Visitor center alongside live oak tree
Location Flagler County, Florida, USA
Nearest city Palm Coast, Florida
Coordinates 29°38′06″N 81°12′14″W / 29.635°N 81.20389°W / 29.635; -81.20389Coordinates: 29°38′06″N 81°12′14″W / 29.635°N 81.20389°W / 29.635; -81.20389
Governing body Florida Department of Environmental Protection

Washington Oaks Gardens State Park is a Florida State Park located near Palm Coast, Florida, along A1A. The park is most famous for its formal gardens, but it also preserves the original habitat of a northeast Florida barrier island.



Habitats preserved by the park include beach, coastal scrub, coastal hammock, and tidal marshes.


Vegetation includes live oaks, magnolias, hickories, sabal palms, and saw palmettos. Plants that can be found in the gardens are roses, camellias, and azaleas, among others.


Wildlife include sea turtles, gopher tortoises, manatees, deer, raccoons, bobcats, foxes, opossums, gray squirrels, Pileated Woodpeckers, Northern Cardinals, Bald Eagles, Peregrine Falcons, and the Florida Scrub-Jay.

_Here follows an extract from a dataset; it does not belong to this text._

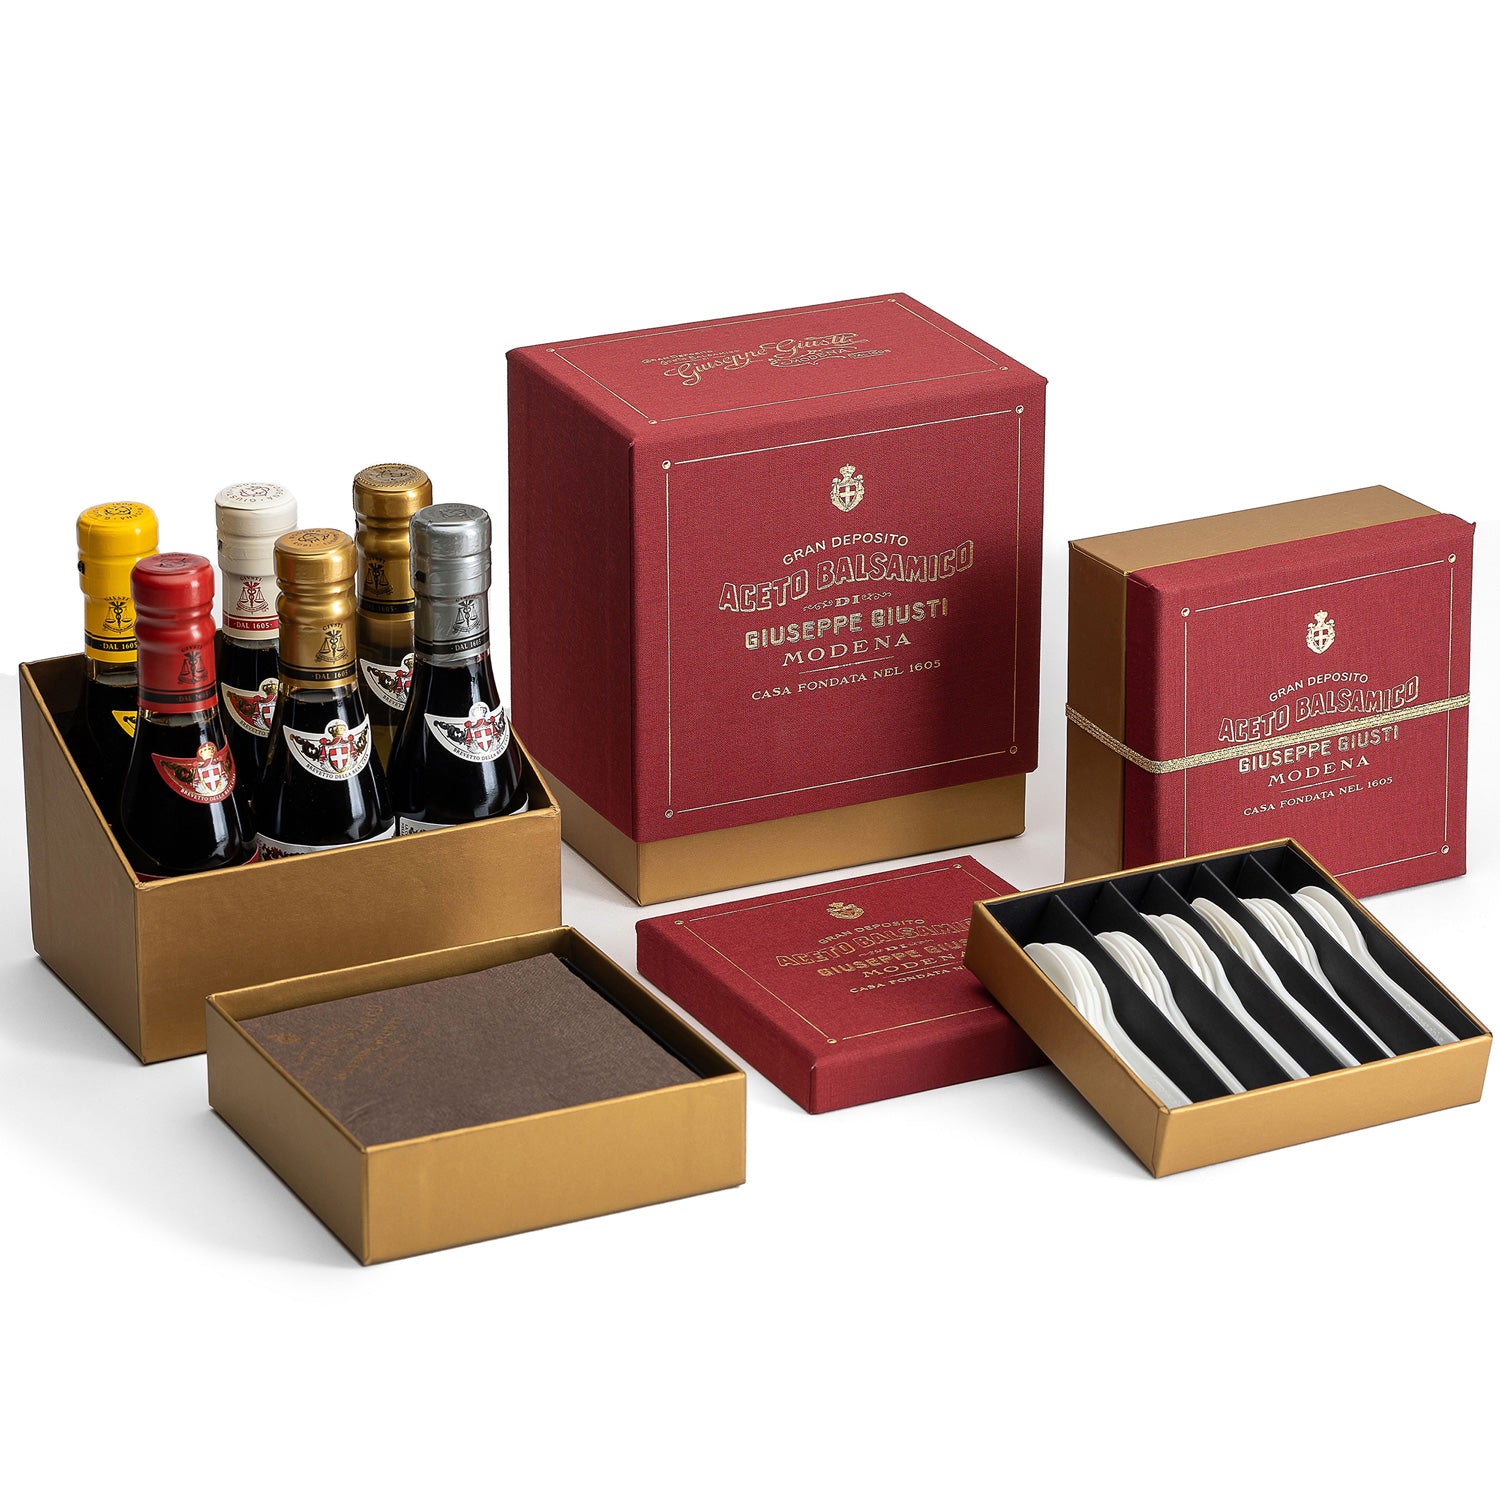 Balsamic Vinegar Gift Set - 6 Bottles and Gift Box - by Giusti

The park's land has a rich history. Native Americans found the area a productive hunting and fishing area. After European settlement of Florida, the property had a number of owners and was used for various agricultural purposes. One owner was a surveyor named George Washington, a relative of President George Washington. In 1936, Louise Powis Clark, wife of the industrialist Owen D. Young purchased the property as a winter retirement home. She devised the name "Washington Oaks" for the property and is responsible for developing the park's formal gardens, citrus groves, and house. Mr. Young died in 1962 and Mrs. Young donated the property to the State of Florida in 1964. Her donation specified that the "gardens be maintained in their present form".

Recreational Activities

Coquina outcropping on the beach in the park

The park has such amenities as beaches (on both the Matanzas River and Atlantic Ocean), bicycling, fishing, hiking, picnicking areas and wildlife viewing. The original residence has been converted into a visitor center with interpretive exhibits.

Hours and admission

Florida state parks are open between 8 A.M. and sundown every day of the year (including holidays). An admission fee is required.